Late this afternoon Todd made brownies as part of his occupational therapy to check his skills on reading, following a recipe, his reasoning in fractions, setting the stove, and following through. Except for sharing 3 large brownies with a motorcycle accident victim and his mom (and a couple of small brownies with Jenny and Carl), Todd and I ate the whole 9x13 pan of brownies. They were delicious with cold milk. We laughed about eating the whole thing.

Todd and I had a wonderful hour and a half talk tonight where we discussed things dear to us.

We also learned that his discharge from the hospital is still on track. The staff at the hospital feels like there's not much more they can do to help with his recovery that can't be done with outpatient therapy. His discharge could still be Wednesday, although Todd wants it to be tomorrow because he feels that is the next step to his recovery.

This afternoon in his physical therapy, we were given many papers with exercises for him to do when he first comes home. The outpatient therapy for all three areas will be intense, and there will also be lab work done at least twice a week. So, when he's home, our time will be kept even more busy than now, because besides taking him to appointments, the more activities we can do to keep him focused, and even the good sleep he can get will help his brain recover faster.

We want you to know that we are so thankful for all of your prayers being said for Todd and for all of us, and that the prayers are being heard by our Heavenly Father, and we feel the affect of them on each of us, and especially on Todd. There is no doubt in our minds about this. And we are so thankful for meals that are being brought to the house. After intense days, being able to sit down and eat something that has been so kindly prepared has touched our hearts. Thanks to all of you. Please keep remembering Todd in your prayers.

Friday, August 1, 2008

Day 18

Yet another brief post.  My dad said that after another call from the hospital, he and Amy were advised not to go to the hospital again today.  Tomorrow both plan to go.

They said that Todd had his therapy in his room, but didn't say much more than that.  I am sure tomorrow will have a lot more information.

Trust fund info

I went by my local MACU branch today to figure out what the issue was with people not being able to contribute to the trust that has been set up in Todd's name.

Evidently it was set up under the name Todd D Thelin Memorial Fund.
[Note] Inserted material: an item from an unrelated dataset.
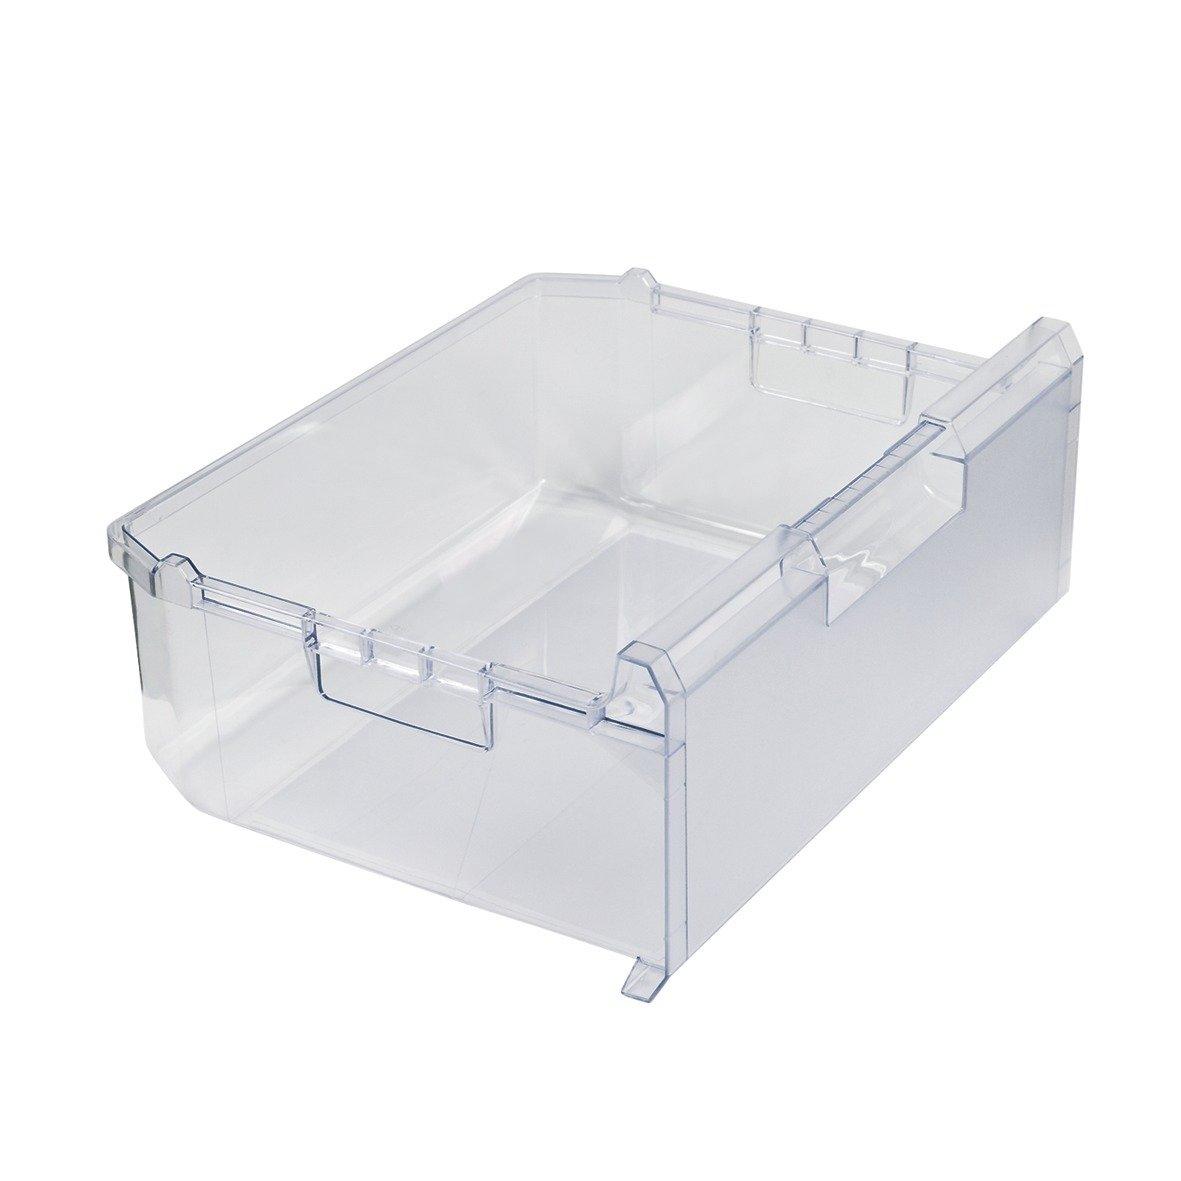 Bosch frigorifero congelatore cassetto centrale superiore, Contenitore per alimenti congelati 00358824

So if you go in wanting to contribute, and give the teller his last name, they won't be able to find it. You have to give them that full name (never mind that 90% of people won't know his middle initial, nor is Todd dead or dying).

Thank you, from the bottom of my heart, to those who have already contributed to it, and to everyone who has brought and continue to bring meals to our house and to the hospital, watched Oliver, ran errands, mowed and watered lawns, checked mail, made phone calls, and prayed for us. Your generosity, love, and support are felt and appreciated, and I ask the Lord every single day to pour out his choicest blessings on you.